**What to do**
The listing below has to be output exactly as given, less its pictures.

**Given information**
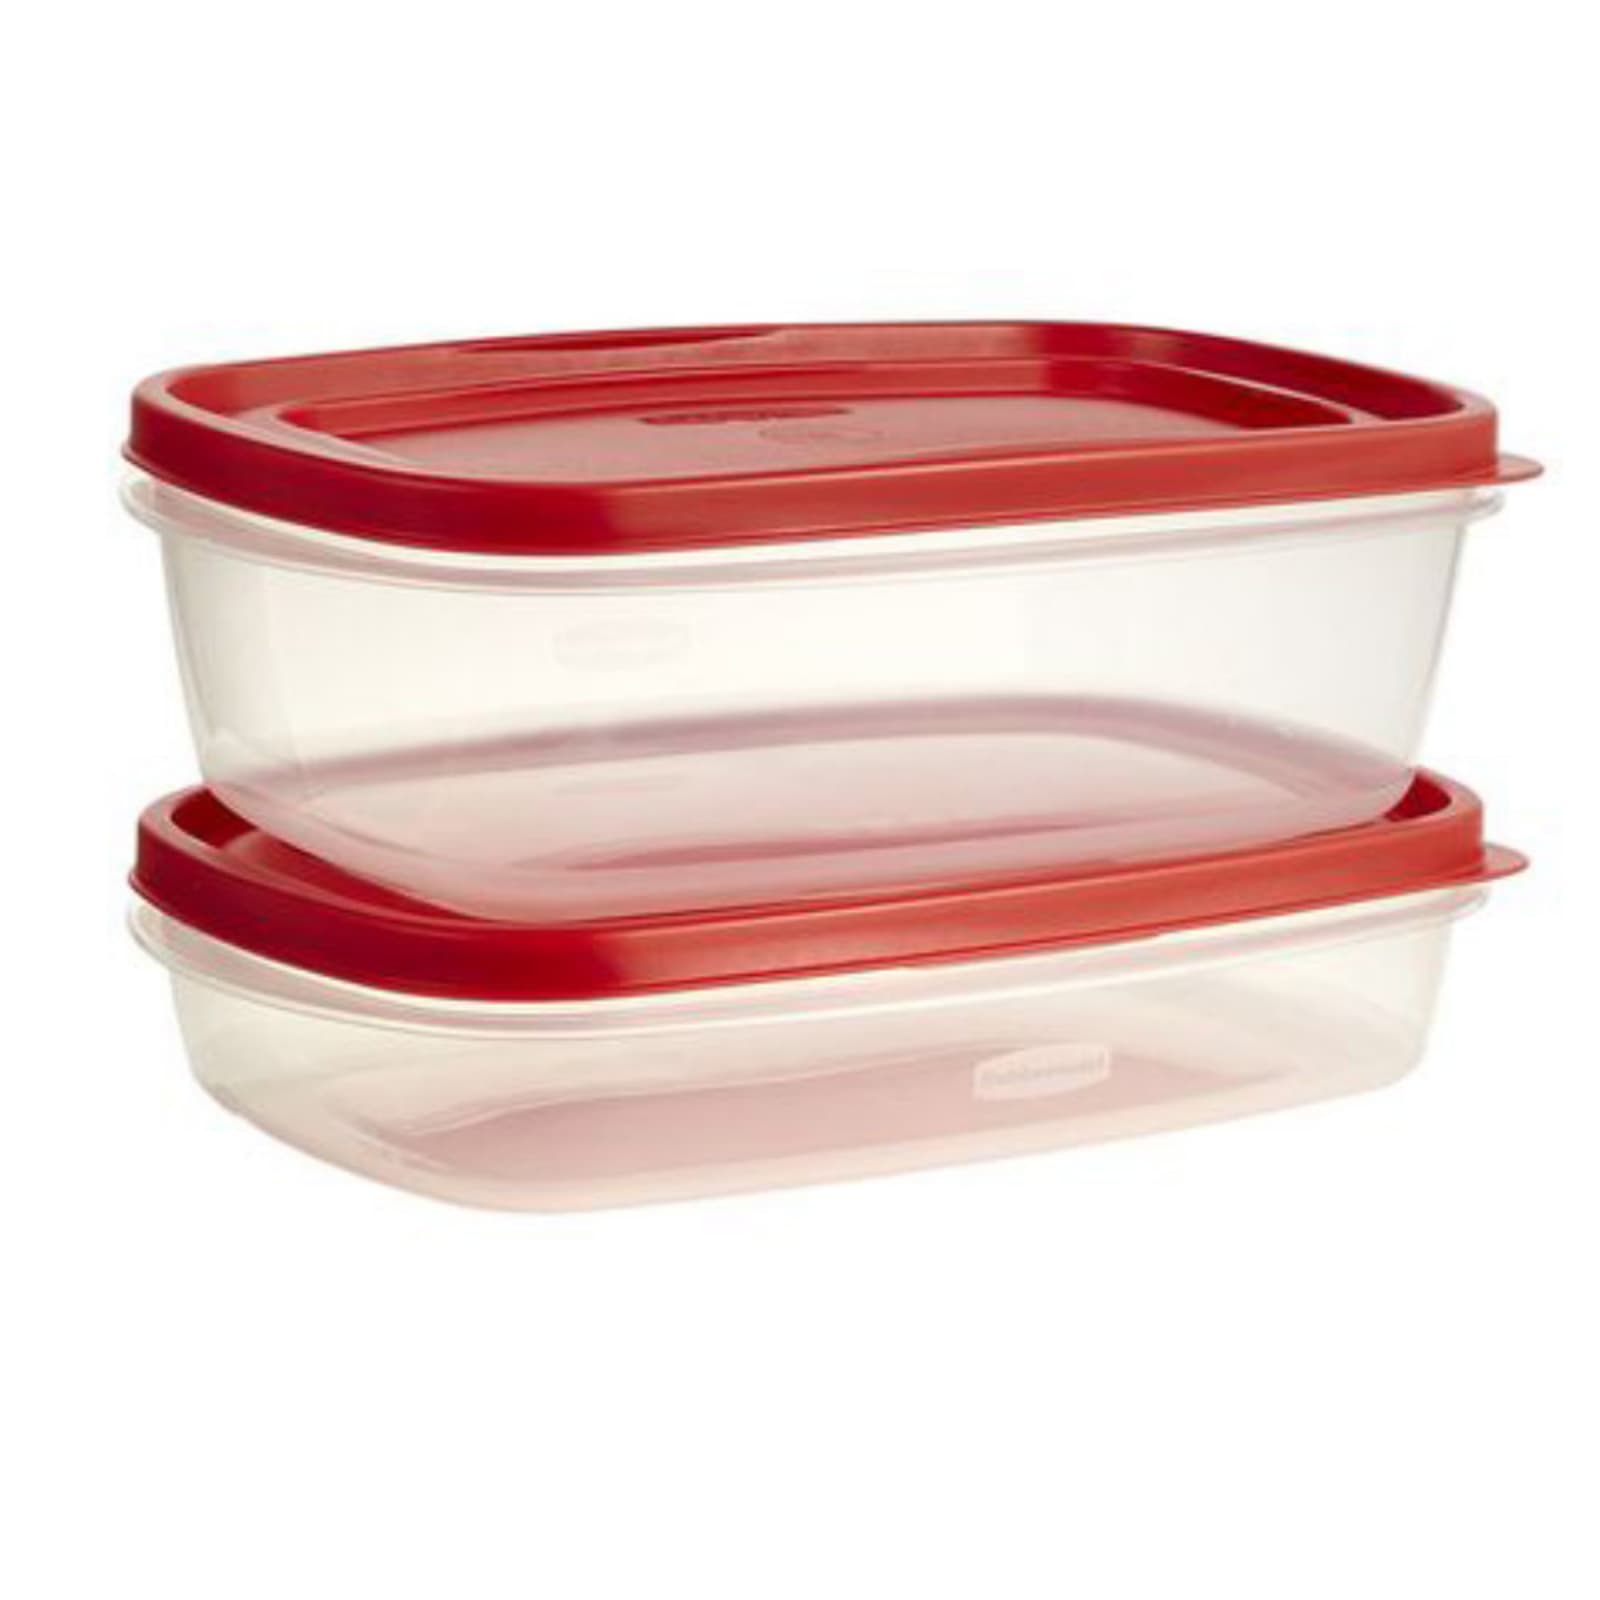 These Rubbermaid EasyFindLids Meal Prep Containers are on sale
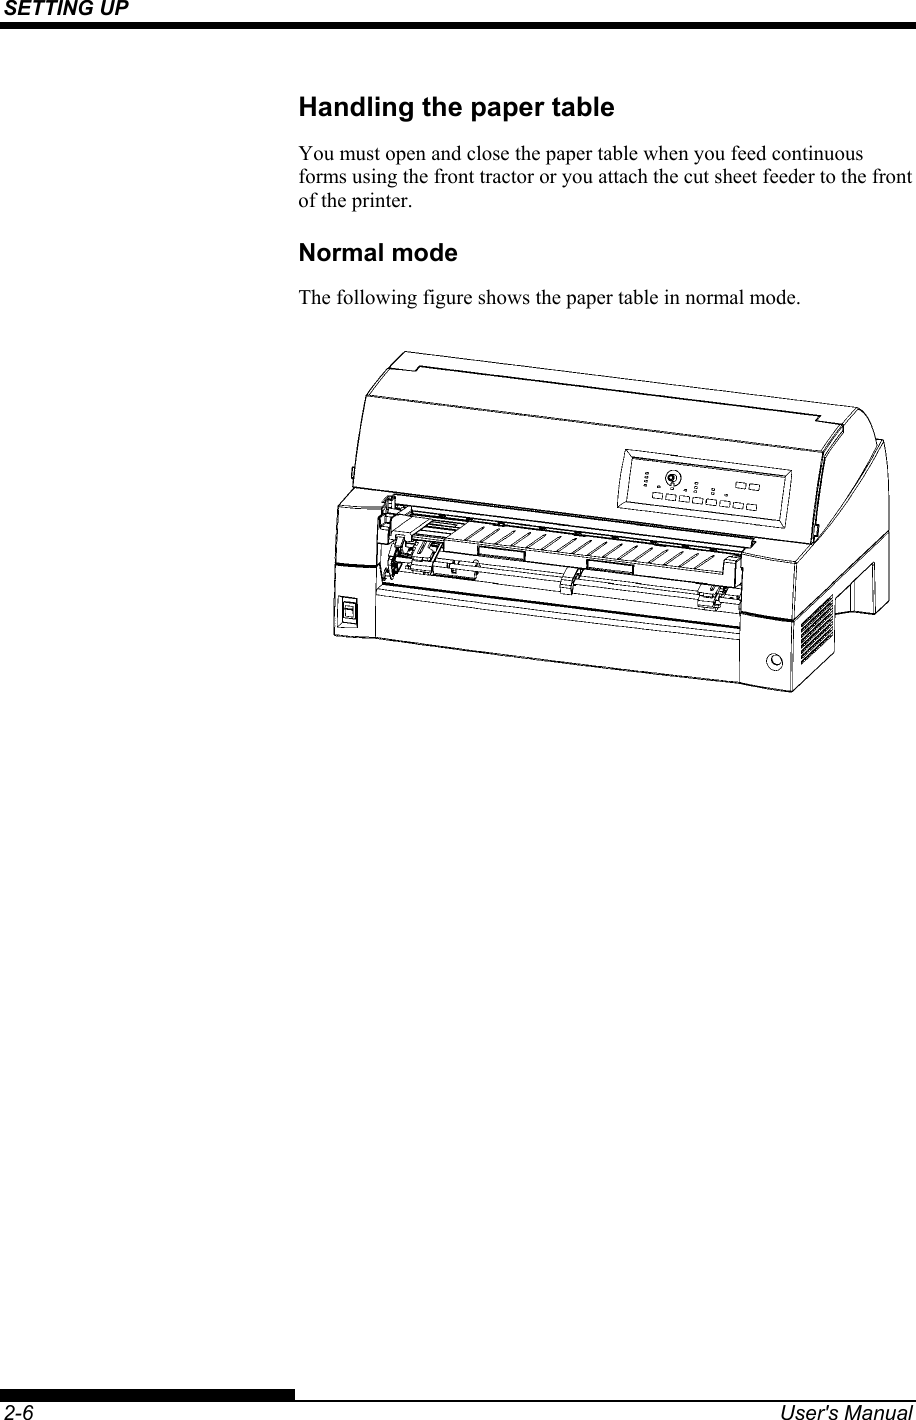 SETTING UP    2-6  User&apos;s Manual Handling the paper table You must open and close the paper table when you feed continuous forms using the front tractor or you attach the cut sheet feeder to the front of the printer. Normal mode The following figure shows the paper table in normal mode.  
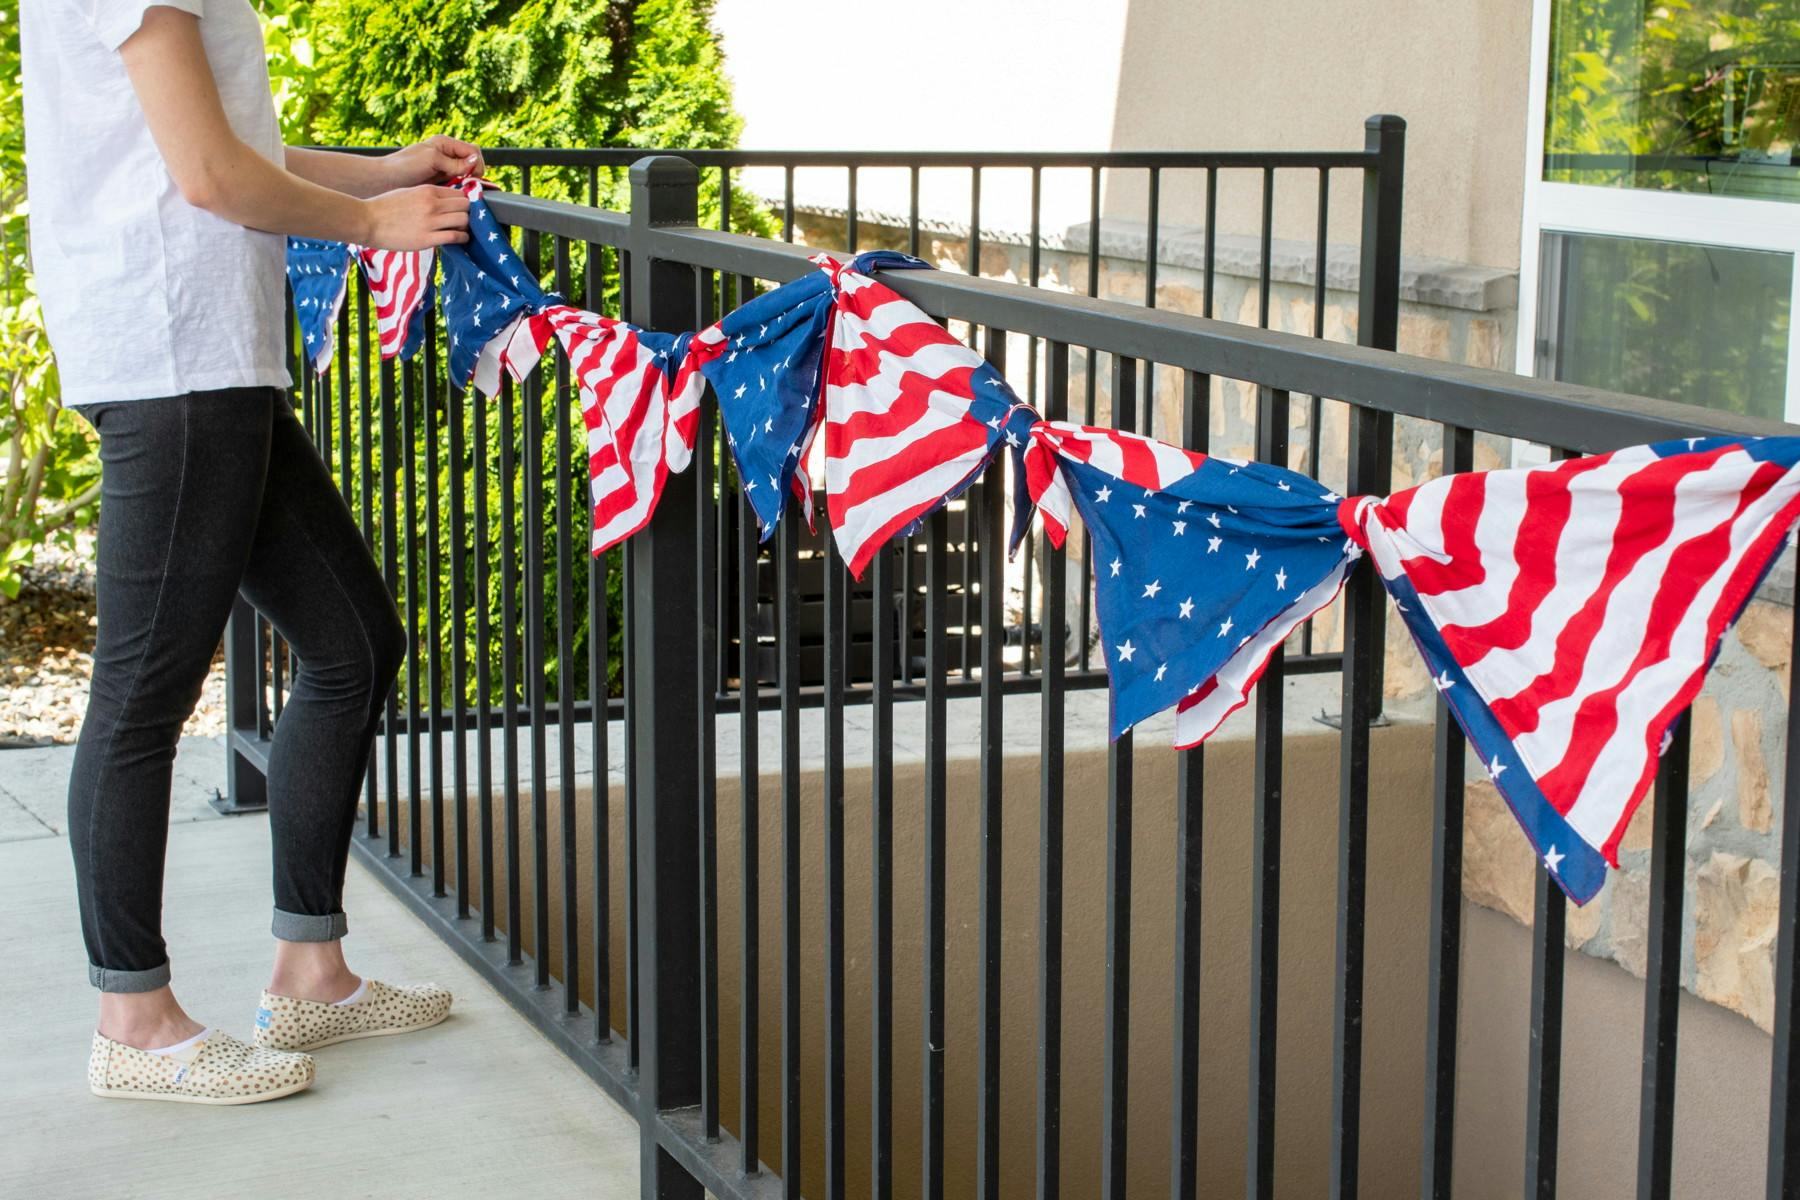 A person affixing a 4th of July bunting to a metal fence that was made by tying American flag bandanas together.

**Final answer**
 These Rubbermaid EasyFindLids Meal Prep Containers are on sale
 SETTING UP    2-6  User&apos;s Manual Handling the paper table You must open and close the paper table when you feed continuous forms using the front tractor or you attach the cut sheet feeder to the front of the printer. Normal mode The following figure shows the paper table in normal mode.  
 A person affixing a 4th of July bunting to a metal fence that was made by tying American flag bandanas together.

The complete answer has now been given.